3. Carboxylate-based coordination polymers

The other family of promising lanthanide coordination polymers that have shown significant promise as magnetocaloric materials are carboxylate-based frameworks. Amongst these materials those with extended 2D and 3D structures can generally be considered to be MOFs, albeit most of these are dense and, thus, lack significant porosity. Generally, these materials can be thought of as containing either small monocarboxylate ligands, slightly larger linear dicarboxylates or bulker aromatic carboxylates; where materials in this review contain more than one of these ligand types we have classified them according to the largest ligand type. The larger ligands involved in these materials, compared to purely inorganic coordination frameworks, leads to less densely packed structures, therefore, while their −ΔSmaxm as a function of weight are often similar, these coordination polymers typically have lower entropy changes as a function of volume.

3.1 Monocarboxylate-based polymers

The denser monocarboxylate frameworks, which amongst the polymers containing organic ligands are generally reported to have the highest −ΔSmaxm, are either based on acetate or formate ligands. Acetate compounds commonly adopt 1D chain structures with coordination bonding only within these chains, with three such materials being reported to have high magnetocaloric entropy changes. Two examples of this are Gd(OAc)3(MeOH) and Gd(OAc)3(H2O)0.5, which adopt monoclinic P21/c and Cc symmetry, respectively (see Fig. 7).72 In Gd(OAc)3(MeOH), the Gd3+ are in a nine-coordinate capped square-antiprism geometry, while in Gd(OAc)3(H2O)0.5 there are two Gd in nine-coordinate, capped square-antiprismatic, and eight-coordinate, square antiprismatic, geometries. In both cases, the Gd within the chains are bridged by three acetate ligands, in a mixture of η21 and synsyn acetate geometries with Gd–Gd distances of 4.06 Å and 6.46 Å for Gd(OAc)3(MeOH) and Gd(OAc)3(H2O)0.5, respectively. In Gd(OAc)3(H2O)0.5 there are interchain hydrogen bond interactions between the water and acetate carboxylate groups while Gd(OAc)3(MeOH) only has weaker interchain interactions. Gd(OAc)3(MeOH) and Gd(OAc)3(H2O)0.5 have very weak ferromagnetic and antiferromagnetic coupling, respectively, with θW of −0.22 and 0.34 K. Magnetisation measurements indicate a −ΔSmaxm = 45.0 J kg−1 K−1 (96.8 mJ cm−3 K−1) and 47.7 J kg−1 K−1 (106 mJ cm−3 K−1) for a 7 T field change at 1.8 K for Gd(OAc)3(MeOH) and Gd(OAc)3(H2O)0.5, respectively.
image file: d1dt04073a-f7.tif
Fig. 7 Chain structures of (a) Gd(OAc)3(MeOH) and (b) Gd(OAc)3(H2O)0.5, shown with thermal ellipsoids at 30% probability. (c) Three-dimensional hydrogen-bonded network of Gd(OAc)3(H2O)0.5. Adapted with permission from Inorg. Chem., 2012, 51(1), 405–413. Copyright 2011 American Chemical Society.
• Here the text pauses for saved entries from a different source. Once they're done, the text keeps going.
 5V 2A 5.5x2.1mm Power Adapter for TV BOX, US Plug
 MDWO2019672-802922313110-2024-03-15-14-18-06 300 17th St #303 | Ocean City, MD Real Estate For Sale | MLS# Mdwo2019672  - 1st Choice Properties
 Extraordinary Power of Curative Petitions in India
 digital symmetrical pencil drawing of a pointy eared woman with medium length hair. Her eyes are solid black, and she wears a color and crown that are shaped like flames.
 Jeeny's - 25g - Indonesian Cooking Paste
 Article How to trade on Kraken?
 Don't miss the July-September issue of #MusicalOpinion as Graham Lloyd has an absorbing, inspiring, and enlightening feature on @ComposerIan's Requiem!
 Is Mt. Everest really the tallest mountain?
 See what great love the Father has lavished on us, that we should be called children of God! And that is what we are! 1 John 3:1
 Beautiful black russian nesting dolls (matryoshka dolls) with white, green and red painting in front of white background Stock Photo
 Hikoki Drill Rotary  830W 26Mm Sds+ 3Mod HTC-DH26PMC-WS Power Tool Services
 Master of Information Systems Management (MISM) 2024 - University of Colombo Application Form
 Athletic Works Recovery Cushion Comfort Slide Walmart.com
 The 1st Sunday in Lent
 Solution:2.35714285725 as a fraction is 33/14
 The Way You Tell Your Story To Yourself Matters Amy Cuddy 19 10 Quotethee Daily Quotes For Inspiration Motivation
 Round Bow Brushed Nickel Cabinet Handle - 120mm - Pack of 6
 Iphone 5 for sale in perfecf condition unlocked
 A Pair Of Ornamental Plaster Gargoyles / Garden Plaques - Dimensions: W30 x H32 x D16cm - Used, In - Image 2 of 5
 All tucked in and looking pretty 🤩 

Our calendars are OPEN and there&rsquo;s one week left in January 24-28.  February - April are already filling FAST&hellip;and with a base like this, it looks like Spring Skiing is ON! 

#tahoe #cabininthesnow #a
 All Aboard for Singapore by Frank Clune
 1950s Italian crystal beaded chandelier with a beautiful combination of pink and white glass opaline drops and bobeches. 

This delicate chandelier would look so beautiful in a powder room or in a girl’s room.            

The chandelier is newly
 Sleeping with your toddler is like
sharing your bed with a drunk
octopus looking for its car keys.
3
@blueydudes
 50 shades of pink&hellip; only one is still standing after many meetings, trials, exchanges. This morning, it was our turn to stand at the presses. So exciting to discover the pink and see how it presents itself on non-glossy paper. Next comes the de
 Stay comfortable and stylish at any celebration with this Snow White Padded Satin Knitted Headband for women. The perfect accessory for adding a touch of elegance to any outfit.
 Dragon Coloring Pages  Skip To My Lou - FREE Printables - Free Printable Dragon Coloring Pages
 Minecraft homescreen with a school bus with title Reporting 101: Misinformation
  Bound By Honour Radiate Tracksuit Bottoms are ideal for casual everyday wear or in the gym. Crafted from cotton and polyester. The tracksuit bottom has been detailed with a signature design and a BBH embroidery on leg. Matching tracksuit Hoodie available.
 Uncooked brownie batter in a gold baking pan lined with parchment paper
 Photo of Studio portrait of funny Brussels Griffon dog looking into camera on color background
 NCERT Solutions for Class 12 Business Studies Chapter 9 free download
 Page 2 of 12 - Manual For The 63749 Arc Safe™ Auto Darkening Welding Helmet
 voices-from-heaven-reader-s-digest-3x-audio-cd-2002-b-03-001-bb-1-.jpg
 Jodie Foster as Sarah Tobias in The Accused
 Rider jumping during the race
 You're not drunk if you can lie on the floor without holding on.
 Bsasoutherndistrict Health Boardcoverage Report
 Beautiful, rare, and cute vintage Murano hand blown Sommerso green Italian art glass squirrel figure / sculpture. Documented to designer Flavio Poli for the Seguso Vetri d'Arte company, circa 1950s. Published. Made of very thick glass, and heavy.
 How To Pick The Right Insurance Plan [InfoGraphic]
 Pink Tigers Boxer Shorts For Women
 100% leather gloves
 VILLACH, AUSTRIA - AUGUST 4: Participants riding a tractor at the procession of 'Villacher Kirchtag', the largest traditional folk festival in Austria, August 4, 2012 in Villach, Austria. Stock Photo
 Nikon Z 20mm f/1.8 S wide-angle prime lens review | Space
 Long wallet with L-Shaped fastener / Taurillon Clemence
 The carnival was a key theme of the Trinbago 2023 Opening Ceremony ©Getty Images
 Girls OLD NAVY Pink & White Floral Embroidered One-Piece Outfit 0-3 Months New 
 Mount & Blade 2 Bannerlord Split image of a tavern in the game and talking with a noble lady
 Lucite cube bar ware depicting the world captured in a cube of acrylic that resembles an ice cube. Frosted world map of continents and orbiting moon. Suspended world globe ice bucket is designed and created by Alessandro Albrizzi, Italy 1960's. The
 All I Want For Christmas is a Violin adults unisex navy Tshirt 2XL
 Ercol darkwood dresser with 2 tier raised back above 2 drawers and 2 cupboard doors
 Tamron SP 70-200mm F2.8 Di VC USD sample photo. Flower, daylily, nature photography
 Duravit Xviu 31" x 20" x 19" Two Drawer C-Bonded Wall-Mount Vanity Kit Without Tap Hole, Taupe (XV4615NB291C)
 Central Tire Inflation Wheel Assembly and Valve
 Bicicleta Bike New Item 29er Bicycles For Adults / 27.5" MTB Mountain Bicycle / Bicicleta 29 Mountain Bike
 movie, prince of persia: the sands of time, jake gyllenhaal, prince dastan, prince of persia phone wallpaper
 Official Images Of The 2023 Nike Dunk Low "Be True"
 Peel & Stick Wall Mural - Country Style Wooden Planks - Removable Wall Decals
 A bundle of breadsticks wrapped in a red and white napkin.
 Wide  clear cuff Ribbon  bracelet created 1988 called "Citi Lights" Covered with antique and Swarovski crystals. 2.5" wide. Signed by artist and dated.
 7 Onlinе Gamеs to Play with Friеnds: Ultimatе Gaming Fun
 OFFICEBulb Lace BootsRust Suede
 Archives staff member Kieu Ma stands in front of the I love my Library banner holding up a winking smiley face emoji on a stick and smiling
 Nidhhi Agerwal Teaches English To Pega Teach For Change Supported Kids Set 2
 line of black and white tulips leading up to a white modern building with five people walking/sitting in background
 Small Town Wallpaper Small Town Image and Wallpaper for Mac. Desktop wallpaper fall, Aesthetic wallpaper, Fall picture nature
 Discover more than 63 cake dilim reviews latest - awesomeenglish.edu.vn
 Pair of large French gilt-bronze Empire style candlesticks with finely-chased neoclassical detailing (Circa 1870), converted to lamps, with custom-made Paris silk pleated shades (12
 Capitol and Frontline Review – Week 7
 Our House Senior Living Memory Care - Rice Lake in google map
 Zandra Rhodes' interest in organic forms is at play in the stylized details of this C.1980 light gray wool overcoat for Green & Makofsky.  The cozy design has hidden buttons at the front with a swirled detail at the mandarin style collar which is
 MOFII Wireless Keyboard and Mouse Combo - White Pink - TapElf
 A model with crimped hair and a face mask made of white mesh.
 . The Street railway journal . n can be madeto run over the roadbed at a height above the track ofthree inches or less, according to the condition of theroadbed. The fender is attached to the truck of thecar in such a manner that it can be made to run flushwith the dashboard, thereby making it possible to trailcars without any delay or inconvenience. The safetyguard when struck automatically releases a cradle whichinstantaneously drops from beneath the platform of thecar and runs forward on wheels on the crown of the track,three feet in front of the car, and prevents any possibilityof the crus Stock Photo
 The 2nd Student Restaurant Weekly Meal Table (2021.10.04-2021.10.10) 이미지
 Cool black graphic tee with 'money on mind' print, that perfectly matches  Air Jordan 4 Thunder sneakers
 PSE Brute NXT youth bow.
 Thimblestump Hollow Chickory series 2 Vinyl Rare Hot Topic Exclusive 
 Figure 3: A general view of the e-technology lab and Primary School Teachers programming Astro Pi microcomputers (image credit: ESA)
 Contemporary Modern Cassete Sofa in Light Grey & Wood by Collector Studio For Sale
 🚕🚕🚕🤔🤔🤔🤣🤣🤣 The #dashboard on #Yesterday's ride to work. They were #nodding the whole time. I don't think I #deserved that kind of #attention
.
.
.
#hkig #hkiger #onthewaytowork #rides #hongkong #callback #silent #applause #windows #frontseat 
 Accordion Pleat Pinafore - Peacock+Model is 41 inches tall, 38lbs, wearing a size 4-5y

A third 1D acetate compound reported to have high magnetocaloric entropy change is weakly antiferromagnetically coupled Gd(HCO2)(OAc)2(H2O)2,73 which adopts monoclinic P21/m symmetry. Here it is the formate co-ligand which connects Gd within the chain, with Gd–Gd distances of 6.58 Å (see Fig. 8). Adjacent chains are rotated by 180° which allows for the formation of a dense network of hydrogen bonds in one direction perpendicular to the chain while chains in the third dimension are separated by methyl groups for the acetate ligand resulting in only weak intermolecular forces in this direction. The magnetocaloric properties of this compound were evaluated through both magnetisation and heat capacity data, both determining that −ΔSmaxm has a maximum of 45.9 J kg−1 K−1 (110 mJ cm−3 K−1) at 1.8 K for a field change of 7 T.


image file: d1dt04073a-f8.tif
Fig. 8 (a) Coordination chains of Gd(HCO2)(OAc)2(H2O)2 along the b-axis; (b) hydrogen-bonded chains forming sheets on the bc-plane; (c) packing of the sheets along the b-axis. Colour codes: Gd: purple, O: red, C: black, H: pink. Reproduced from ref. 73 with permission from the Royal Society of Chemistry.

The other formate-containing compound in this grouping reported to have significant magnetocaloric properties is Gd(HCO2)3,74 which adopts an R3m rhombohedral structure featuring face-sharing chains with neighbouring chains connected through the formate ligand to yield a triangular lattice (see Fig. 9). The Gd cations are nine-coordinate in a tricapped trigonal prismatic geometry. The MCE of Gd(HCO2)3 is evaluated both indirectly from the magnetisation data and directly from heat capacity measurements. In the former case, the magnetic entropy changes for different applied field changes are obtained, which are similar to those from heat capacity data. At ∼1 K and for a field change of 7 T, the −ΔSmaxm is 55.9 J kg−1 K−1 or 216 mJ cm−3 K−1, with the large volumetric entropy change enabled by the dense structure. ΔTad was estimated to be approximately 22 K from heat capacity measurements. Direct measurements under quasi-adiabatic conditions suggest values of 2.47 and 0.51 K during magnetisation and demagnetisation for a 1–0 T field change, consistent with the values obtained from the indirect entropy-based measurements for such changes. The relative cooling power (RCP) of Gd(HCO2)3 was also estimated to be 522 mJ cm−3 K−1, which is higher than the 479 mJ cm−3 K−1 reported for Gd3Ga5O12.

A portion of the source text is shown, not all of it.